#### Records supplied:
· · · ·

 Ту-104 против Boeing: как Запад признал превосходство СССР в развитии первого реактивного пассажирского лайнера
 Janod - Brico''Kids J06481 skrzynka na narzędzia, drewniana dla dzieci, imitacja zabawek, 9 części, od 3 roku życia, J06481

· · · ·

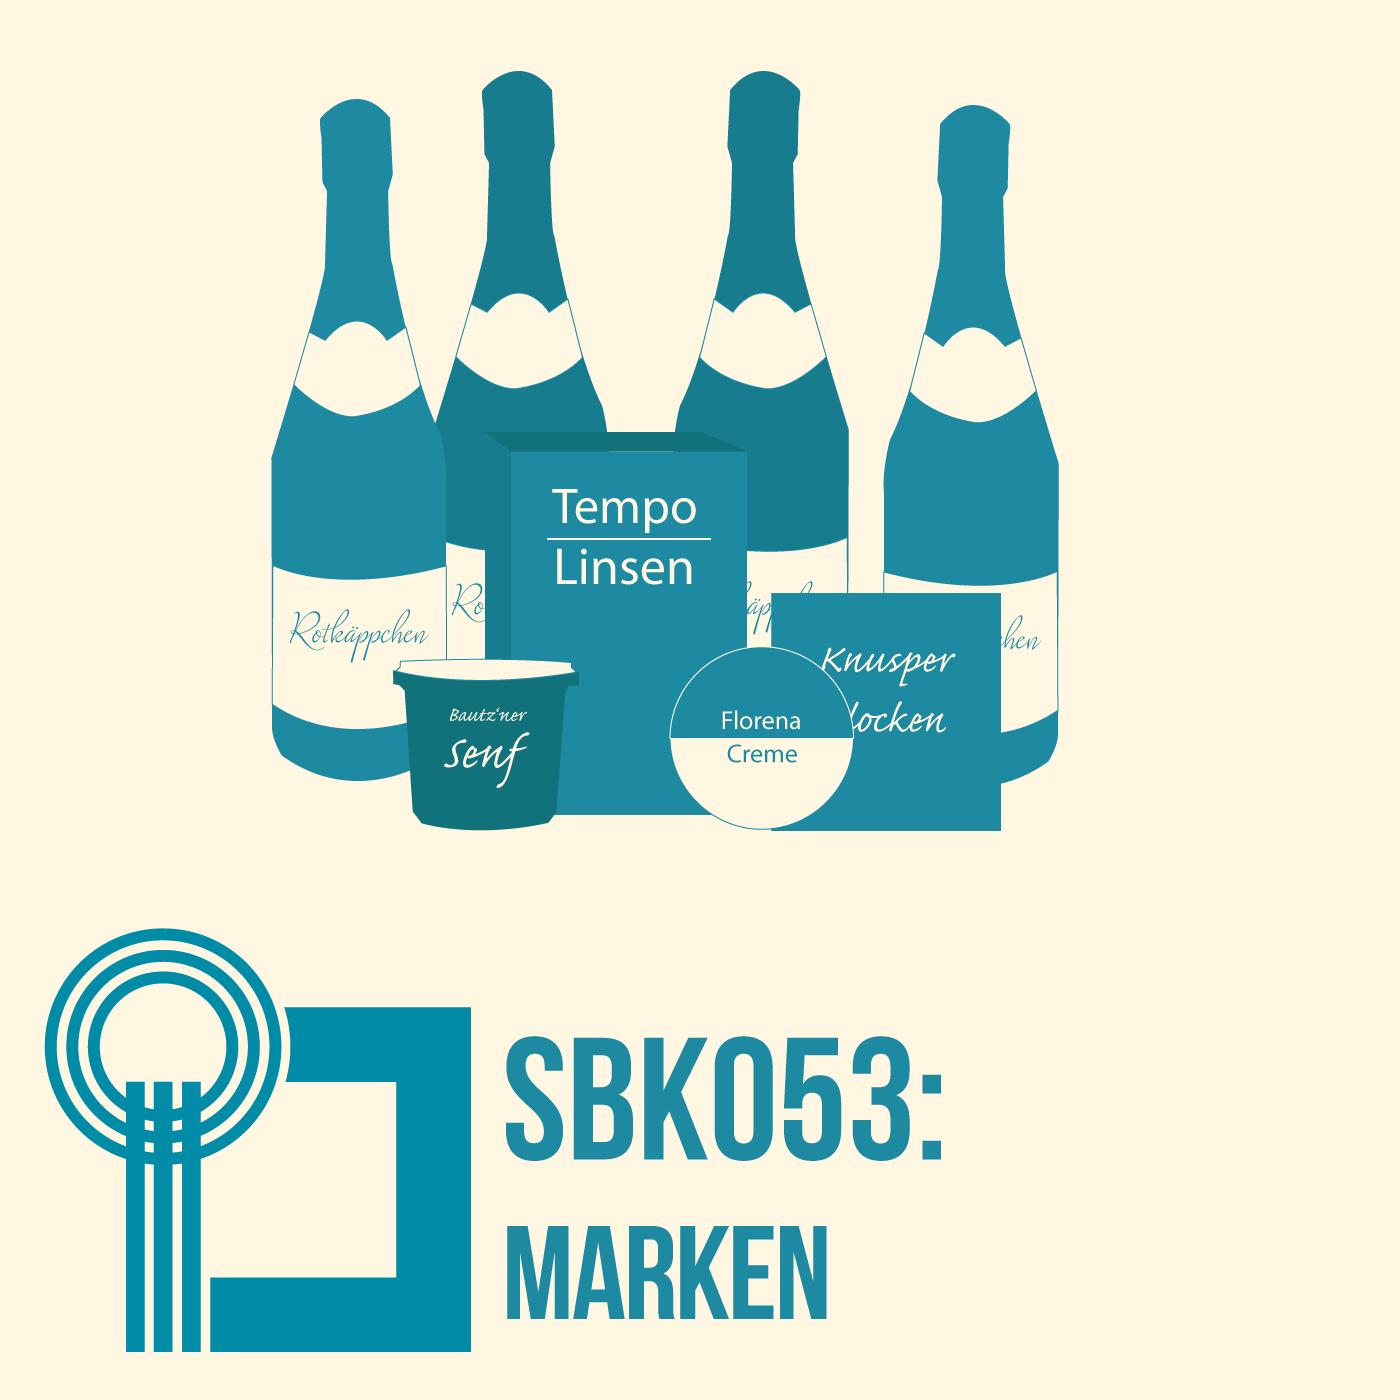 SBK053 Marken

· · · ·

#### Exercise brief:
Start with the line above that contains "Ту-104 против Boeing: как" and stop after the line that contains "Janod - Brico''Kids". Output those lines exactly, and only those.

#### Response for this exercise:
 Ту-104 против Boeing: как Запад признал превосходство СССР в развитии первого реактивного пассажирского лайнера
 Janod - Brico''Kids J06481 skrzynka na narzędzia, drewniana dla dzieci, imitacja zabawek, 9 części, od 3 roku życia, J06481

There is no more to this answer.